Not surprisingly I bet on Sanders but Sanders too is a politician and has an ego. And it’s clear he won’t quite let go of the fact that he won’t win the party’s nomination. And his supporters are fighting – literally – for their candidate. Perhaps you saw online the ruckus at the Nevada Democratic Party Convention where his supporters shouted down opponents and threatened to send chairs hurling at those controlling the meeting. Bear in mind that Hillary Clinton won Nevada, not just its congressional districts but in actual vote tallies. She was entitled to a majority of the delegates. Were Nevada Democratic Party officials a bit tone deaf to the Sanders people? Perhaps. Still, the passion of Sanders supporters crossed a line at the convention. It was disturbing. Naturally I expected the principled Bernie Sanders to call his supporters to task, which he did weakly while complaining their cause was just and that his leadership team had nothing to do with the matter.
This was a souring moment for me. Bernie has been about principles and waging a good fight, but apparently when push literally came to shove, actual fighting is more important than principles. The sorts of actions he and his team are taking are worrisome to say the least. They are trying to convince super-delegates supporting Clinton to support Sanders instead. They have the right to do so, but gently. Supporters though are feeling the Bern by expressing anger and using a combination of harassment and bullying to twist arms, something only Donald Trump could admire. Doing so violates the principles Sanders was campaigning on: democratic socialism; it has to be done democratically. If you come to a convention with fewer pledged delegate than your opponent (Clinton) you can’t credibly make the case that you represent a majority of the Democratic Party. It makes no sense. And Sanders will almost certainly end up in the minority, since he needs more than two thirds of the remaining pledged delegates to win that majority, in spite of a narrow loss in Kentucky and a clear win in Oregon Tuesday night.
What Bernie has accomplished is amazing, but not quite enough. It’s an unpleasant fact, but that’s how it is. More disturbing is how his supporters can’t seem to accept reality and move on. I have a friend who refuses to vote for Hillary if Bernie doesn’t get the nomination. What a stupid and counterproductive thing to do!
I speak from experience because I too once felt not quite the Bern, but the Anderson: John B. Anderson, an independent that ran against Ronald Reagan and Jimmy Carter in 1980. Like Sanders, Anderson was right on the issues. Voting for him though was like shooting myself in the foot: I took votes away from Jimmy Carter that put Reagan in for two terms and all the wreckage that followed.

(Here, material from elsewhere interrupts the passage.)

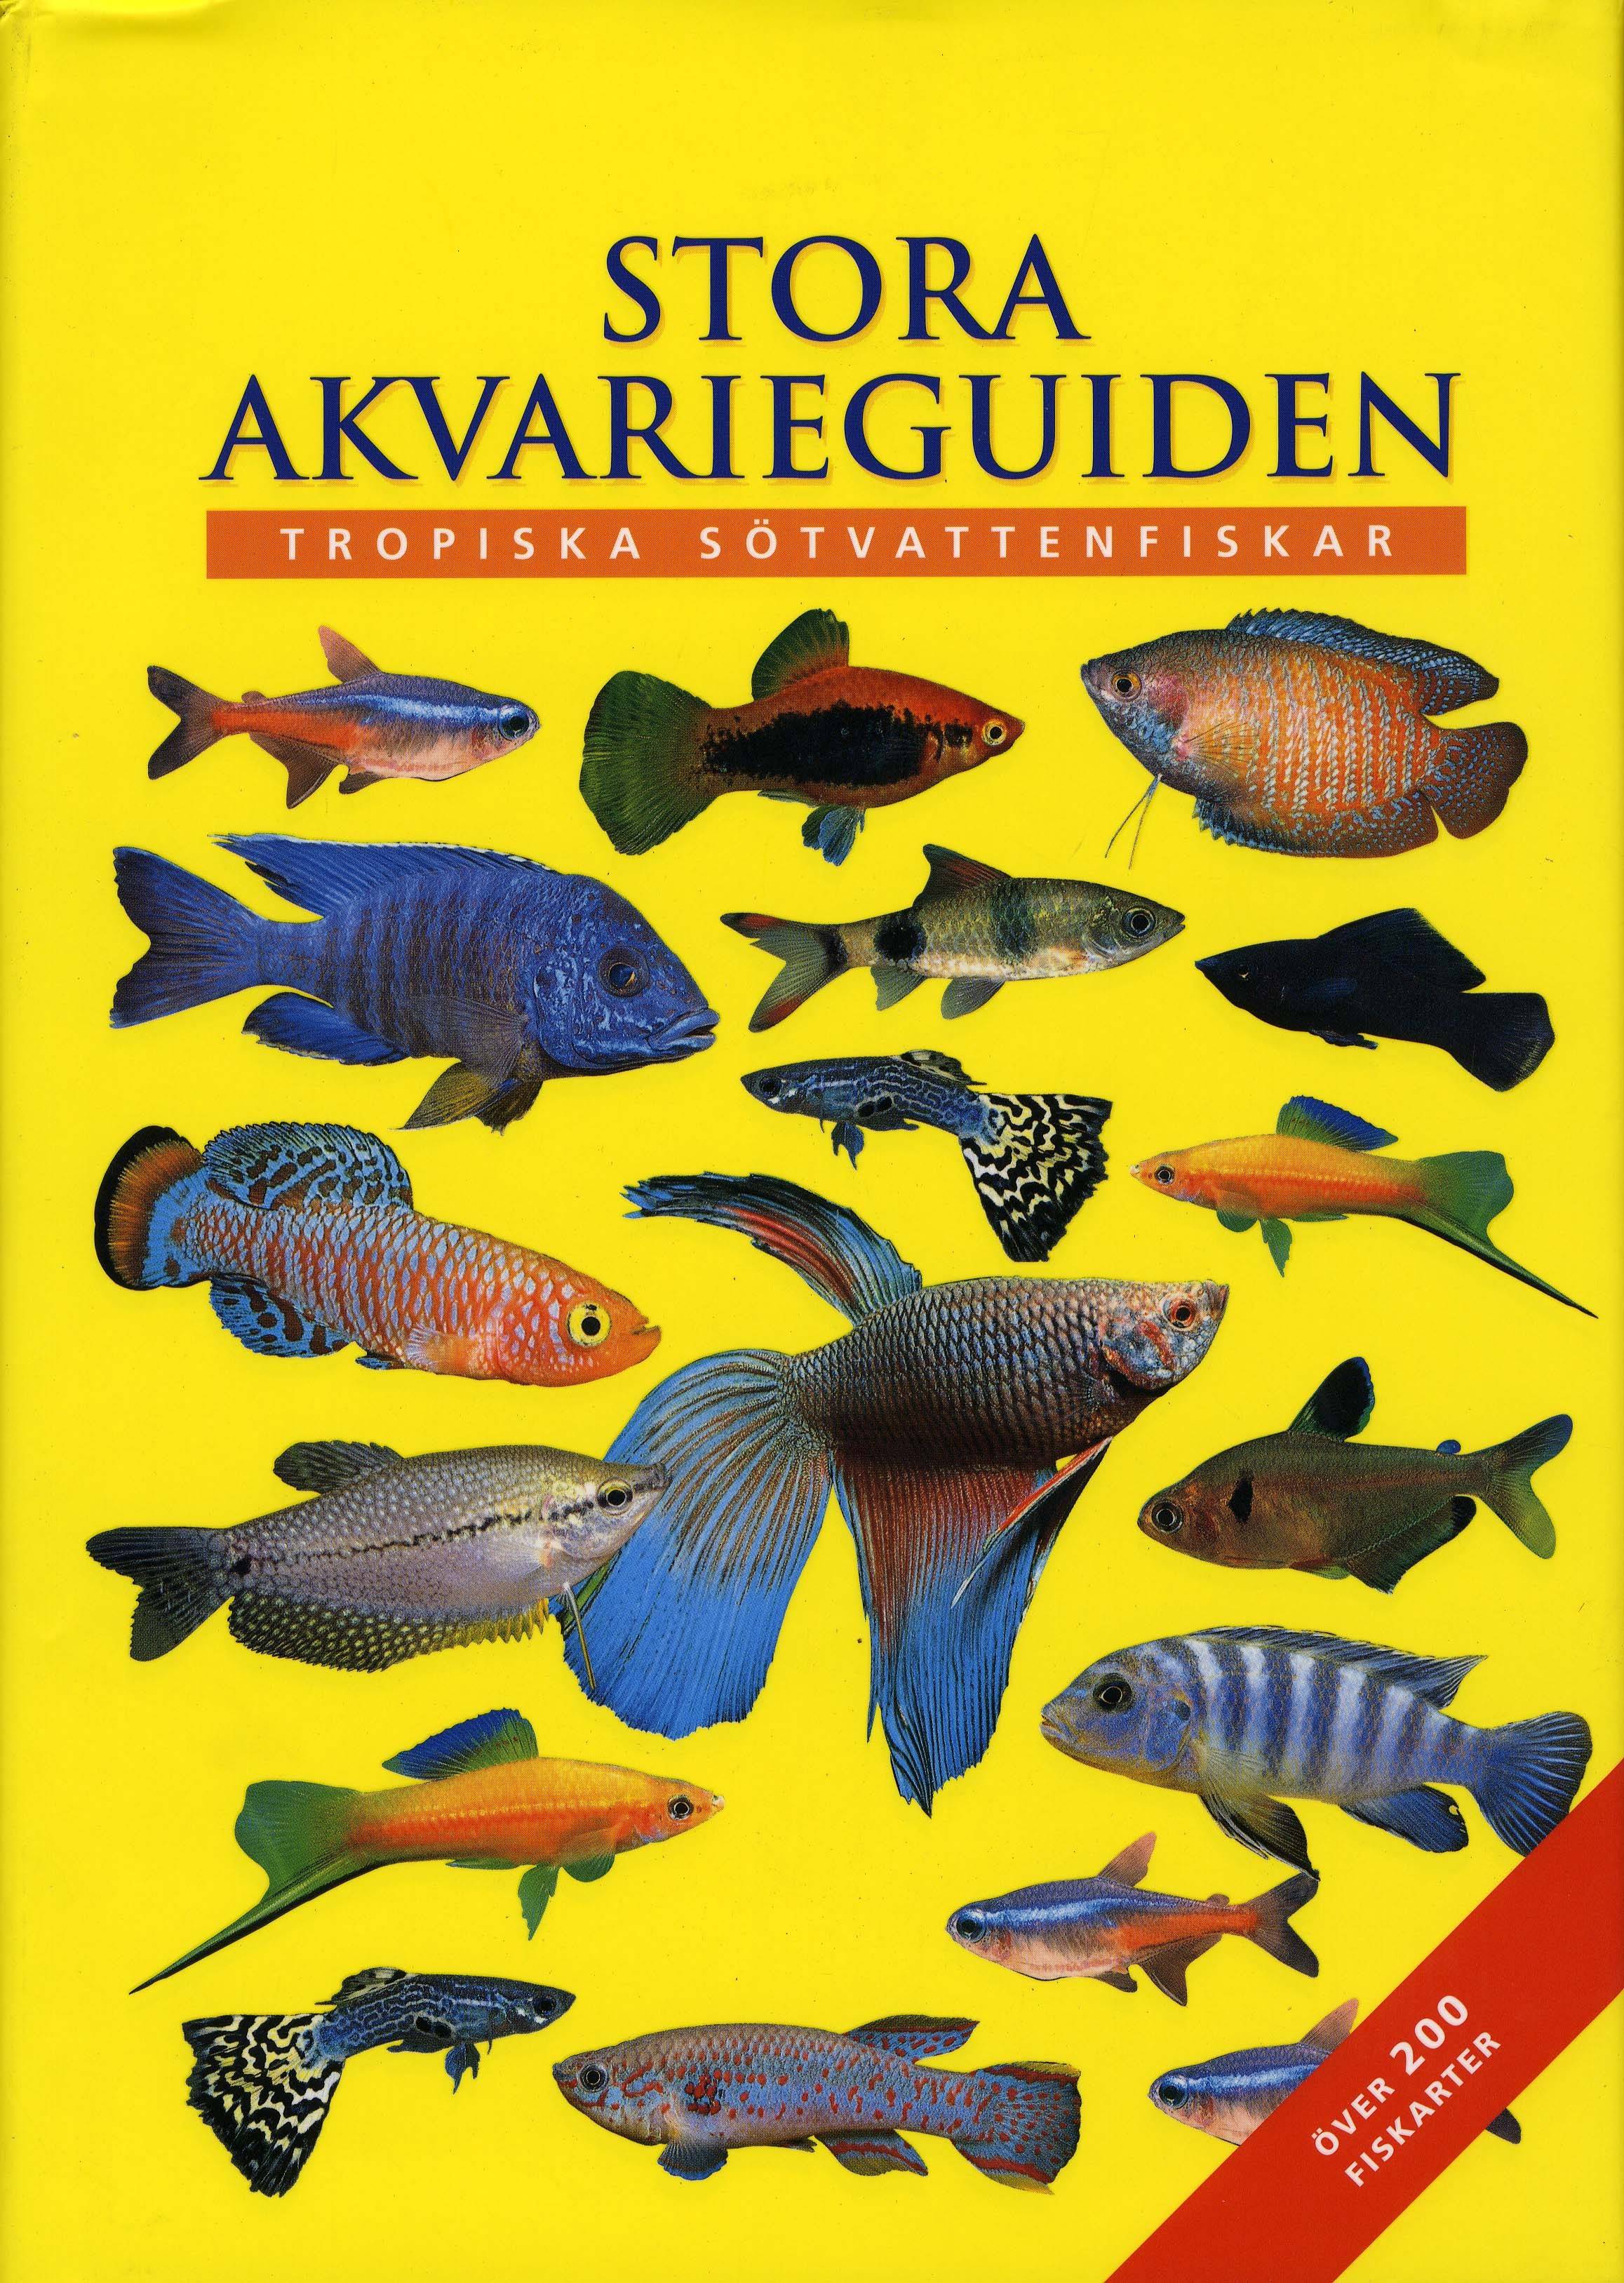 Stora Akvarieguiden : tropiska sötvattenfiskar

So when the 2000 election came around I was wiser and voted for Al Gore instead. Gore won a majority of votes cast, but lost to George W. Bush in Florida, at least according to some based on trying to read the intent of voters who used punch card ballots. Of course that case went all the way to the U.S. Supreme Court, which ultimately decided it. But it was the good super-liberals voting for Green Party candidate Ralph Nader that really tipped the scales in Florida. As a result Bush won and we got embroiled in a pointless war in Iraq, which has morphed into all sorts of conflicts, including the creation of the Islamic State. All because some people that normally vote Democratic would not. They went with their hearts, not their heads.
Clearly our system of electing presidents is poor. If I had my way we’d have a parliamentary form of government, not the mess we have now with party primaries and caucuses and an electoral college. But we have to work with the system we got, which means that in most elections we voters must put pragmatism over principle. The 2008 election was something of an aberration because we didn’t have to do that. In 2016, we need to go back to the old model.
To every Sanders supporter out there I say simply this: if you don’t vote for Hillary Clinton, refrain from voting or worst of all vote for Donald Trump to spite Hillary Clinton, you are making a catastrophically bad mistake, similar to but actually much worse than the one I made in 1980. Trust me, Trump is much worse than Reagan ever was. Don’t be stupid. It may not be natural, but take your enthusiasm and use it to get Hillary Clinton elected instead. She’s hardly the evil person you think she is. It’s also absolutely critical. Trump cannot and must not be president of the United States and if it happens by narrow margins you will have only yourselves to blame.